Abstract 4426: Contemporary Below-the-Knee and Femoral-Popliteal Percutaneous Arterial Intervention: A Comparison of Procedural Outcomes and Predictors of Success - Insights From the Blue Cross Blue Shield of Michigan Cardiovascular Consortium (BMC2 -PVI)
Background: Percutaneous vascular intervention (PVI) techniques for revascularization of symptomatic infra-inguinal peripheral arterial disease (PAD) are increasingly utilized as the preferred method of revascularization. However, the in-hospital outcomes and predictors of procedural success for both femoral-popliteal (FP) and below-the-knee (BTK) PVIs are unknown.
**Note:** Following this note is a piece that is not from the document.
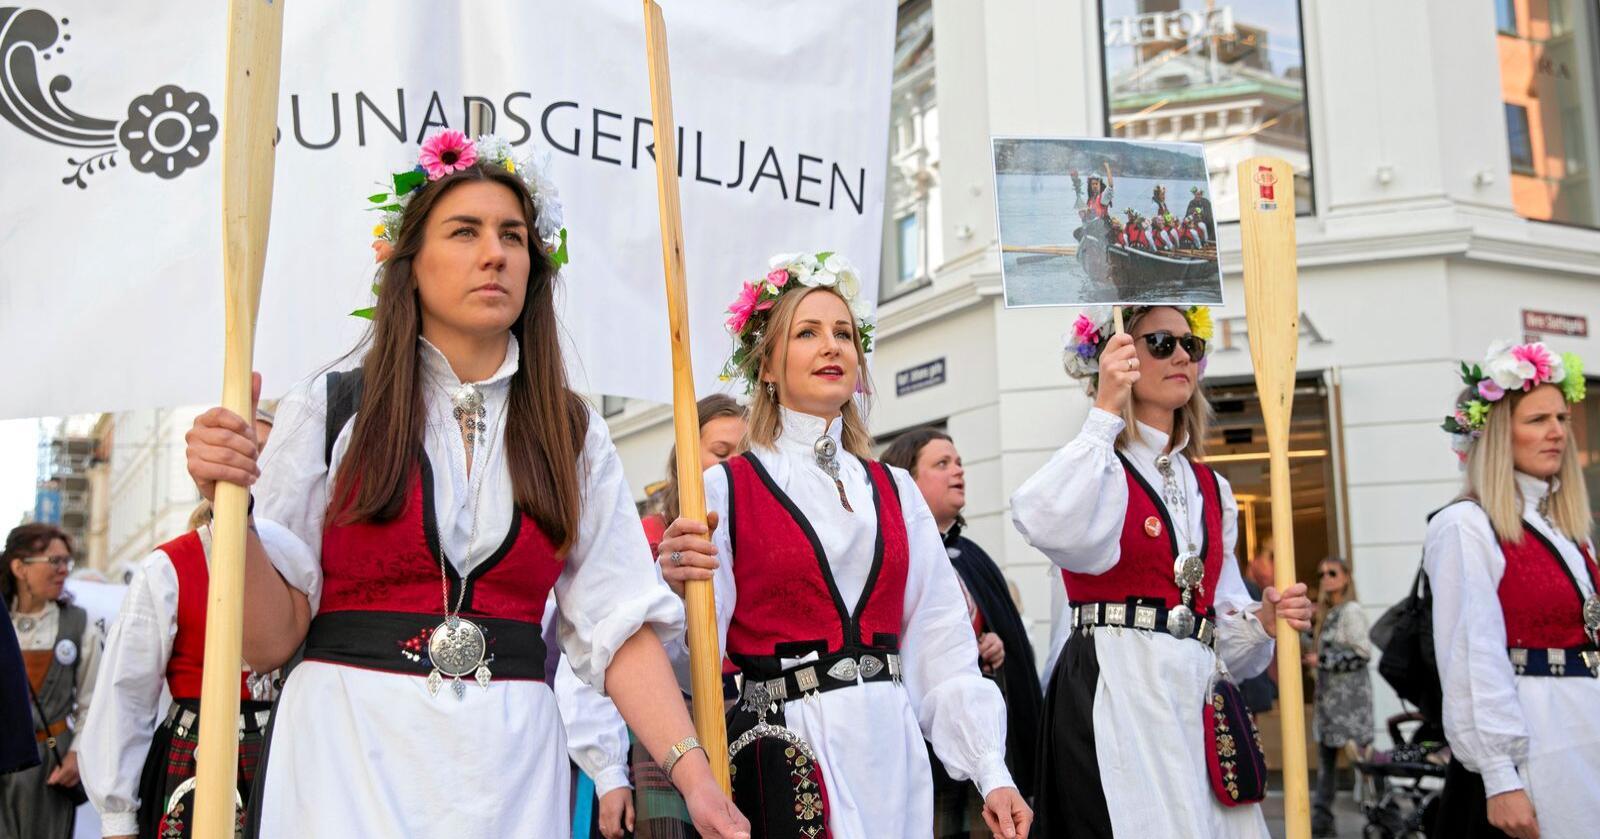 Demonstrasjon: Bunadsgeriljaen kjemper for et trygt og godt fødetilbud over hele Norge. Foto: Ryan Kelly / NTB scanpix
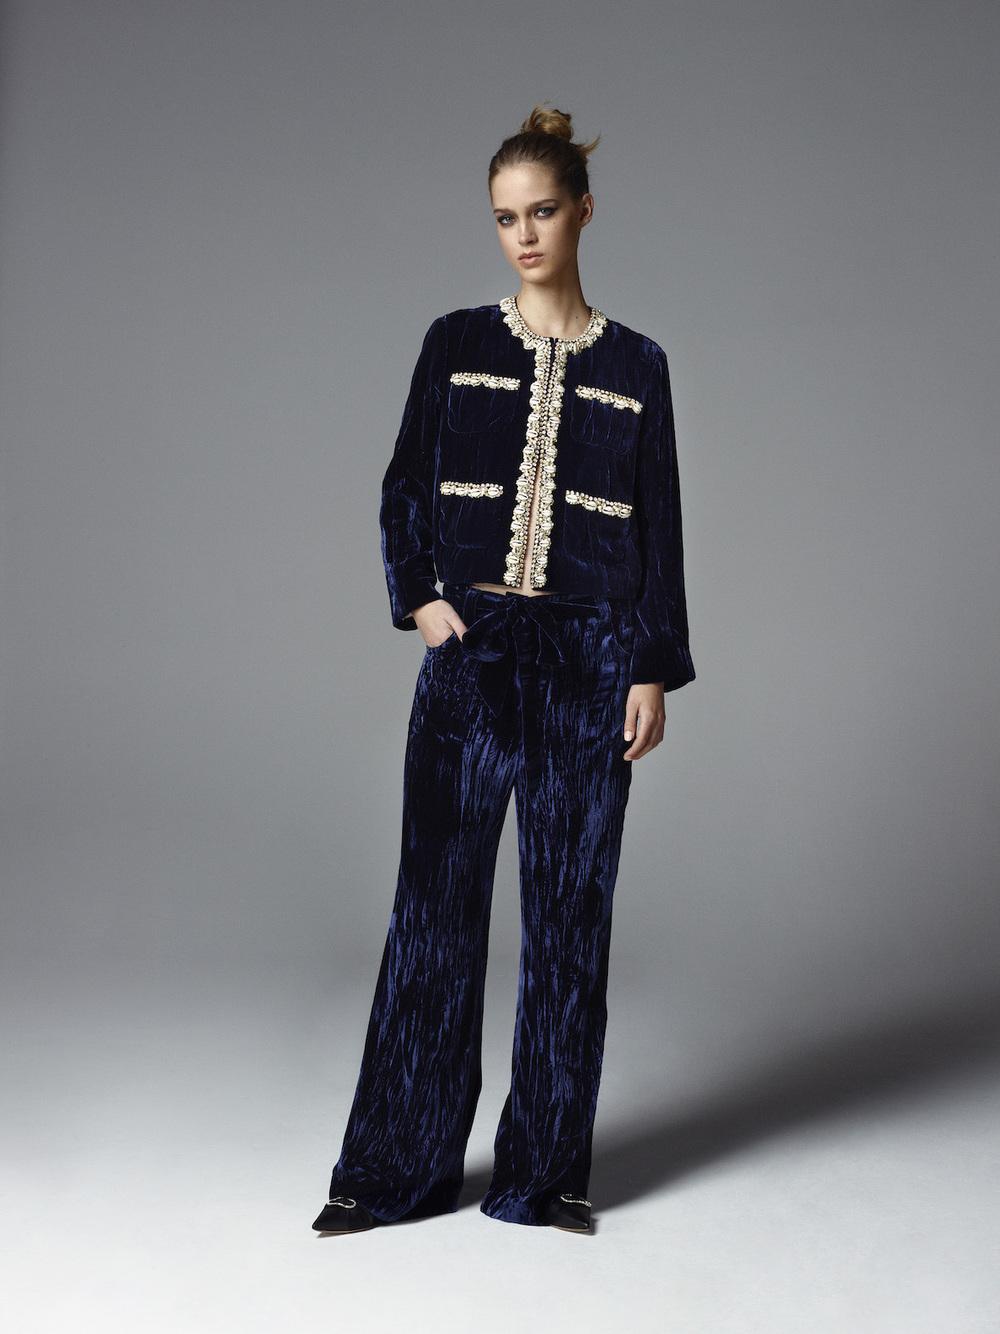 Grace Wales Bonner의 여성복 라인

Methods: Data were analyzed from 10,099 consecutive PVI cases collected between 2003 through 2008 in a prospective, multi-center, multi-disciplinary regional database. Patients who underwent infra-inguinal PVI (FP or BTK) were included. Technical success was defined as completion of the PVI with <30% residual stenosis as assessed by angiography. Procedural success was defined as technical success and freedom from peri-procedural complications.
Results: A total of 5608 patients were included in the analysis, 4750 (84.7%) underwent FP PVI and 858 (15.3%) underwent BTK PVI. Patient and procedural characteristics are shown in Table 1⇓. Patients undergoing BTK PVI were more likely to receive post-PVI transfusion (6.4% vs. 8.8, p<0.001), suffer in-hospital amputation (1.7% vs. 6.2%, p<0.001), and endure contrast induced nephropathy (6.7% vs. 11.3%, p<0.0001). Multivariate predictors of procedural failure (lack of procedural success) included age ≥70 (OR 1.3, 95% CI 1.1–1.5, p=0.004), heavy vessel calcification (OR 1.3, 95%CI 1.1–1.6, p=0.004), total vessel occlusion (OR 2.8, 95%CI 2.3–3.4, p<0.0001), and BTK disease (OR 1.5, 95%CI 1.2–1.9, p=0.0003).
Conclusions: Contemporary infra-inguinal PVI is marked by high procedural success and low complication rates. Predictors of procedural failure in this cohort included advanced age, vessel calcification, total vessel occlusion and BTK disease. These data may help inform patients and clinicians when determining the optimal revascularization approach for severe infra-inguinal PAD.